We analysed data from 7 rounds (1994–2001) of the Russia Longitudinal Monitoring Survey, a panel study of a general population sample (11,482 adults aged over 18 living in households of 2 or more people). Self-rated health was measured on a 5 point scale and dichotomised by combining responses "very poor" and "poor" into poor health. Deaths (n = 782) during a mean follow up of 4.1 years were reported by another household member. Associations between several predictor variables and poor or very poor self-rated health and mortality were measured using logistic regression and Cox proportional hazards analysis respectively.
Poor self-rated health was significantly associated with mortality; hazard ratios, compared with very good, good or average health, were 1.69 (1.36-2.10) in men and 1.74 (1.38-2.20) in women. Low education predicted both mortality and poor self-rated health, but income predicted subjective health more strongly. Smoking doubled the risk of death but was unrelated to subjective wellbeing. Frequent drinkers experienced greater mortality than occasional drinkers, despite reporting better health. In contrast, dissatisfaction with life predicted poor self-rated health, but not mortality.

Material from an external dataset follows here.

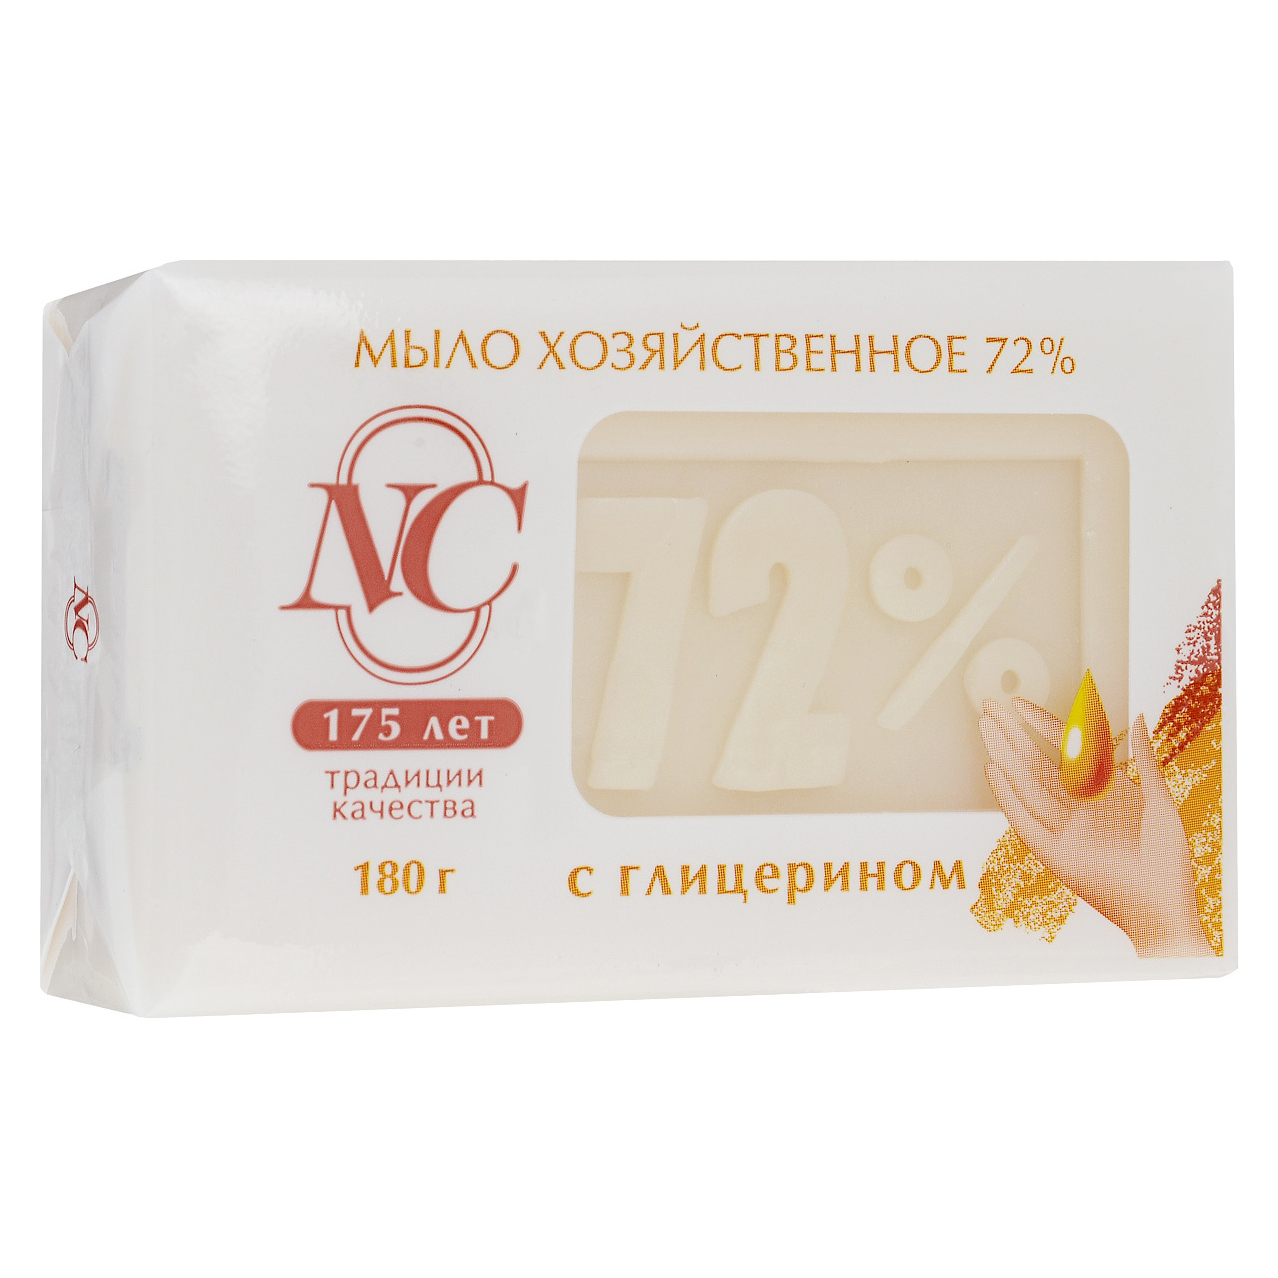 Традиционное хозяйственное мыло Невская косметика 72% с глицерином 180 г мыло невская косметика яблоневый сад 90 г

Differences between the predictors of subjective health and mortality, even though these outcomes were strongly associated, suggest that influences on subjective health are not restricted to serious disease. These findings also suggest the presence of risk factors for relatively sudden deaths in apparently well people, although further research is required. Meanwhile, caution is required when using studies of self-rated health in Russia to understand the determinants of mortality.
Life expectancy in Russia stagnated during the 1960s, and then lagged progressively further behind the rising longevity of the countries of Western Europe . After a brief improvement in life expectancy in Russia during the 1980s, the fall of Communism in 1991 heralded an unprecedented further decline , that became known as Russia's "mortality crisis". During the transition, fluctuations in mortality followed changes in macroeconomic measures, such as GDP , and the greatest proportion of excess deaths was amongst middle-aged men and the least educated [4, 5].
Research into the determinants of mortality in Russia to date includes very few prospective studies [4, 6]. Studies using other designs, such as case-control studies , indirect methods using widowhood  or sibling  data, and population level studies based on census information , have identified education [4, 6, 9, 10], alcohol [9, 11], marital status  and smoking  as important determinants of mortality.
Cross-sectional surveys of the determinants of self-rated health [12, 13] have also been used in an attempt to cast light on the causes of ill health in Russia. Self-rated health predicts death consistently in many countries , with worsening subjective health associated with progressively higher mortality , chronic disease and behavioural risk factors . As a measure, self-rated health performs well: it is stable, with good test-retest reliability, and consistent reporting . The relationship between self-rated health and mortality is surprisingly consistent between countries, despite international variations in the average health state .
There is therefore good reason to believe that the predictors of subjective health and mortality are likely to be similar.
Cross-sectional studies have linked self-rated health strongly to material measures, including subjective economic difficulties [17, 18], and amongst psychosocial measures, perceived control predicted self-rated health in two studies [12, 17]. However, associations between self-rated health and alcohol , smoking  and education  in Russia were less consistent.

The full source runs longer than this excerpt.